原书里霍烬辞有个缺点,就是过于刚正,少了人情味。
谢柔便拉着他闲聊,从家族庶务慢慢聊到世间疾苦,又讲起楚庄王绝缨的故事。
不料霍烬辞却说:“这按军纪,是要处罚的。”
谢柔轻笑:“人非圣贤,孰能无过。能在不伤及自尊的前提下让人改过,对那人来说受益更多,还望将军能体谅。”
正说着,沈清玹沈相来了,要同霍烬辞商议事宜,谢柔便识趣回避。
沈清玹落座后也不绕弯,低声道:“太子忽然染病,已有多日未曾露面,东宫那边的消息被压得紧,怕是不大好。二皇子那头蠢蠢欲动,近日频频召人入府,手已经往禁军边上伸了。”
他顿了一下,看向霍烬辞:“还有谢家,面上仍是太子一派,不过有个客卿倒是常和三殿下逛花楼。
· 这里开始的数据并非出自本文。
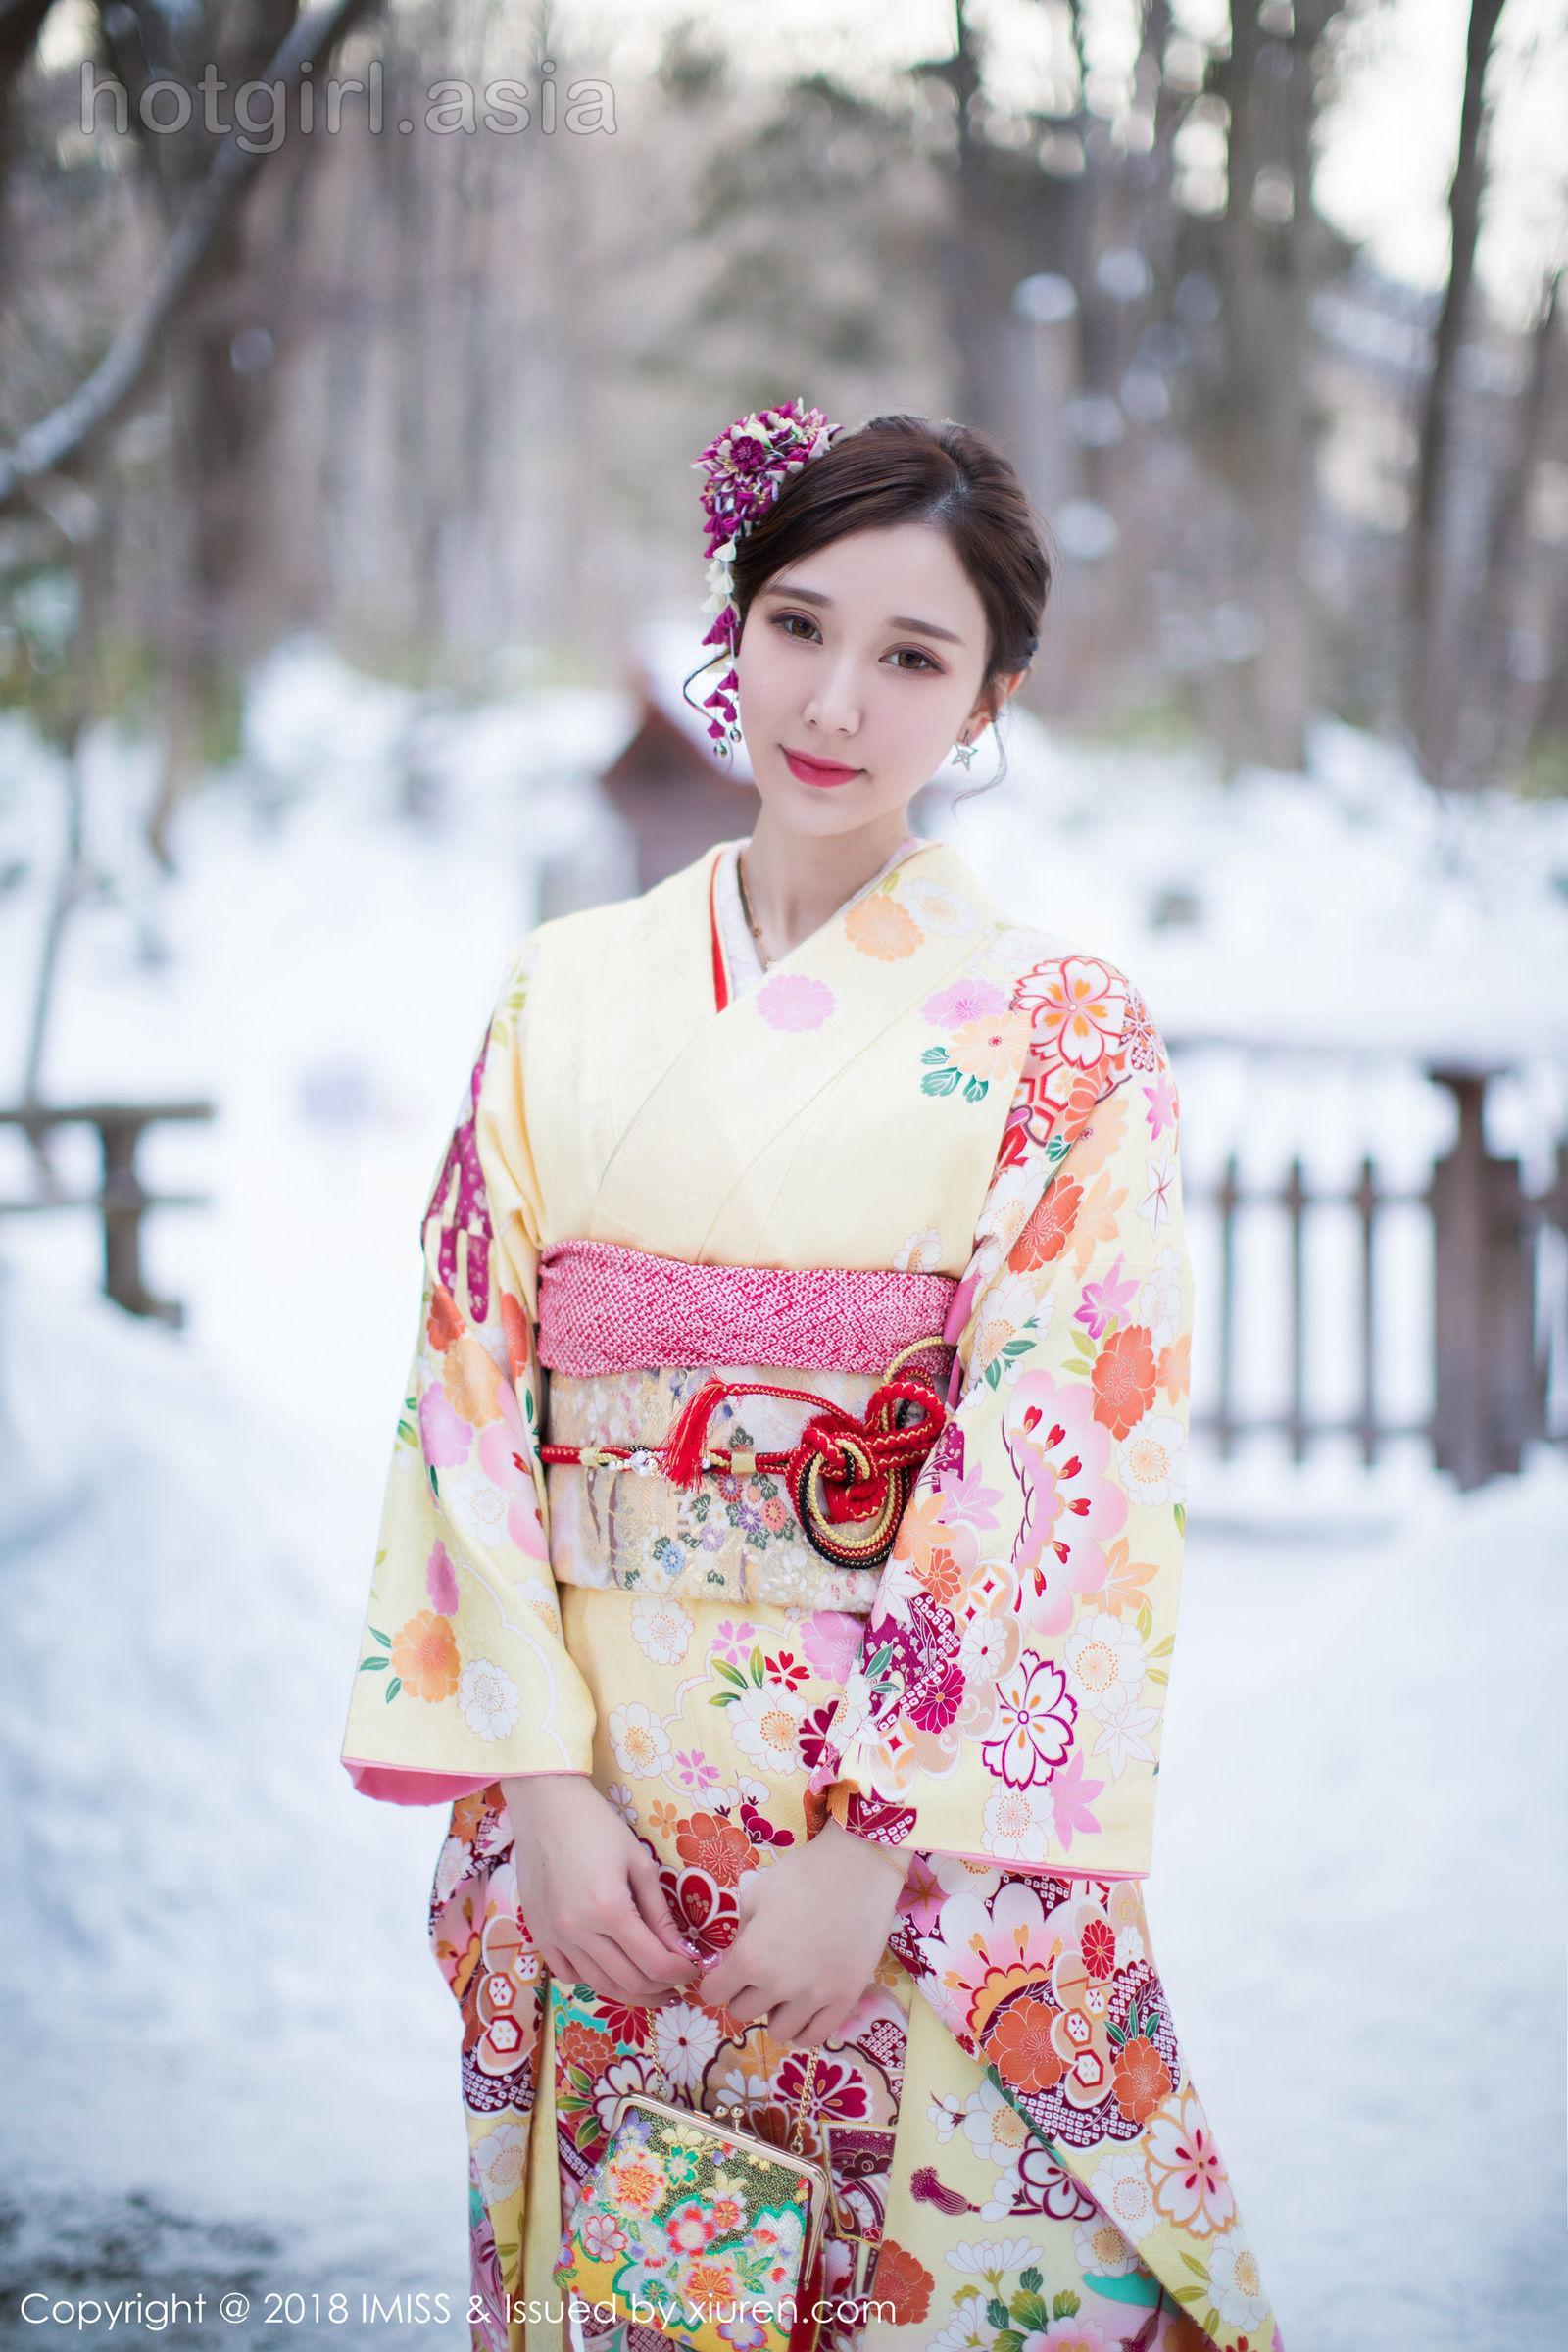 [IMiss 爱 蜜 社] Vol.242 养眼 美女 @ 淼淼 萌萌 哒 Hokkaido Travel Photo
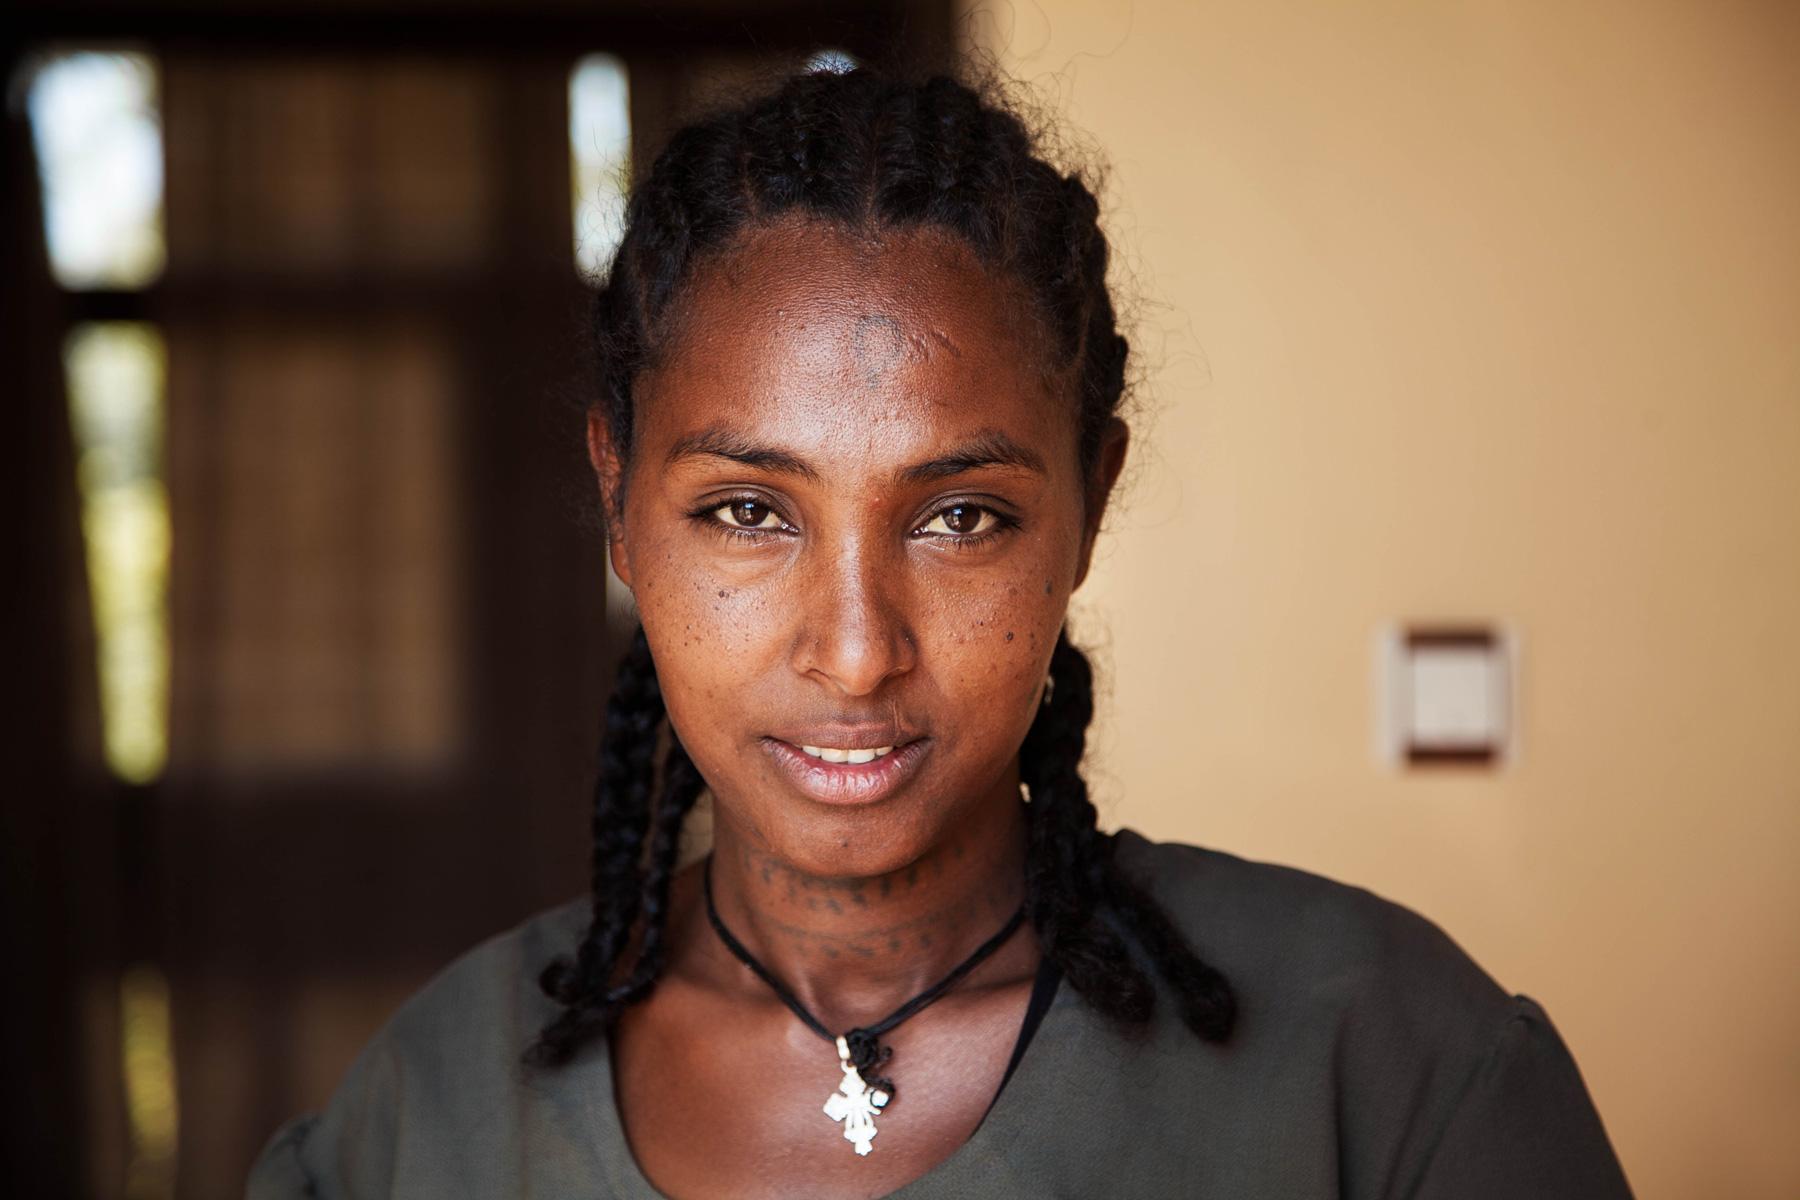 Mihaela-Noroc-Atlas-of-Beauty-Ethiopia

”
霍烬辞眉峰微敛:“有话直说。”
“我要你投诚三皇子。”沈清玹语气平淡霍烬辞抬眸,目光如刀:“沈相今日来,是替三皇子做说客?”
沈清玹不避不让,反而一笑:“将军言重了。我不过是替你看清时局。太子若真撑不过去,东宫旧党一个都跑不掉。将军手握兵权,届时内外夹击,霍侯府如何自处?更何况,我姑姑还在这里,我没有不帮你的道理。”
“莫非你觉得,三殿下真如那般风流成性,纨绔子弟?”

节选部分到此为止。